[Records from a dataset]

══════════════════════════════

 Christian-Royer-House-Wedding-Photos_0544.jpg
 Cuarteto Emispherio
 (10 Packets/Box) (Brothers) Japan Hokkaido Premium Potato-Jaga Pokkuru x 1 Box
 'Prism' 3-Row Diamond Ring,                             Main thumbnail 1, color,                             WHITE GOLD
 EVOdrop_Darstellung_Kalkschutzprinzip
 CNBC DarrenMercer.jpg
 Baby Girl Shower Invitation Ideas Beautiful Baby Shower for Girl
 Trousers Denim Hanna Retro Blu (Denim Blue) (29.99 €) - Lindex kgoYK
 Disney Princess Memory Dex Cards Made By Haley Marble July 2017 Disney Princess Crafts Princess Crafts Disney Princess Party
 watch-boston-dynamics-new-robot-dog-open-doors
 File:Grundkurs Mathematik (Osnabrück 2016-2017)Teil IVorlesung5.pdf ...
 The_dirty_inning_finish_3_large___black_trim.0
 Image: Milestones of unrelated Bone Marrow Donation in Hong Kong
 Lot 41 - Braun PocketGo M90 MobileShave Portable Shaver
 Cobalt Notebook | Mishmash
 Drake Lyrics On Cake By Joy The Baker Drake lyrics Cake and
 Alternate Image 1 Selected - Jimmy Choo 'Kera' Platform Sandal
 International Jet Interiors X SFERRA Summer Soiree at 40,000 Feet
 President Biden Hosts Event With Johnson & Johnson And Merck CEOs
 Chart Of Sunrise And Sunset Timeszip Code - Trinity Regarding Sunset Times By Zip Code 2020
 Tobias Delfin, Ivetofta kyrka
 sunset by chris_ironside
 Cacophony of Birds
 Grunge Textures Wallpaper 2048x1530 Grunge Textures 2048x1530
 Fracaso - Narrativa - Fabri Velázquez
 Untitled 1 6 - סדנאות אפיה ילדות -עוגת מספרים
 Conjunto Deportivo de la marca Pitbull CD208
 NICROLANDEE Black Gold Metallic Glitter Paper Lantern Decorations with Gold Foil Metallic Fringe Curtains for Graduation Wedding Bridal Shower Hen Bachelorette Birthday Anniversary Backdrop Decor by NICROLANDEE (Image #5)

══════════════════════════════

▸ Try it: Pull out all lines from the entries above in which the word "Wedding" appears.

▸ Task output:
 Christian-Royer-House-Wedding-Photos_0544.jpg
 NICROLANDEE Black Gold Metallic Glitter Paper Lantern Decorations with Gold Foil Metallic Fringe Curtains for Graduation Wedding Bridal Shower Hen Bachelorette Birthday Anniversary Backdrop Decor by NICROLANDEE (Image #5)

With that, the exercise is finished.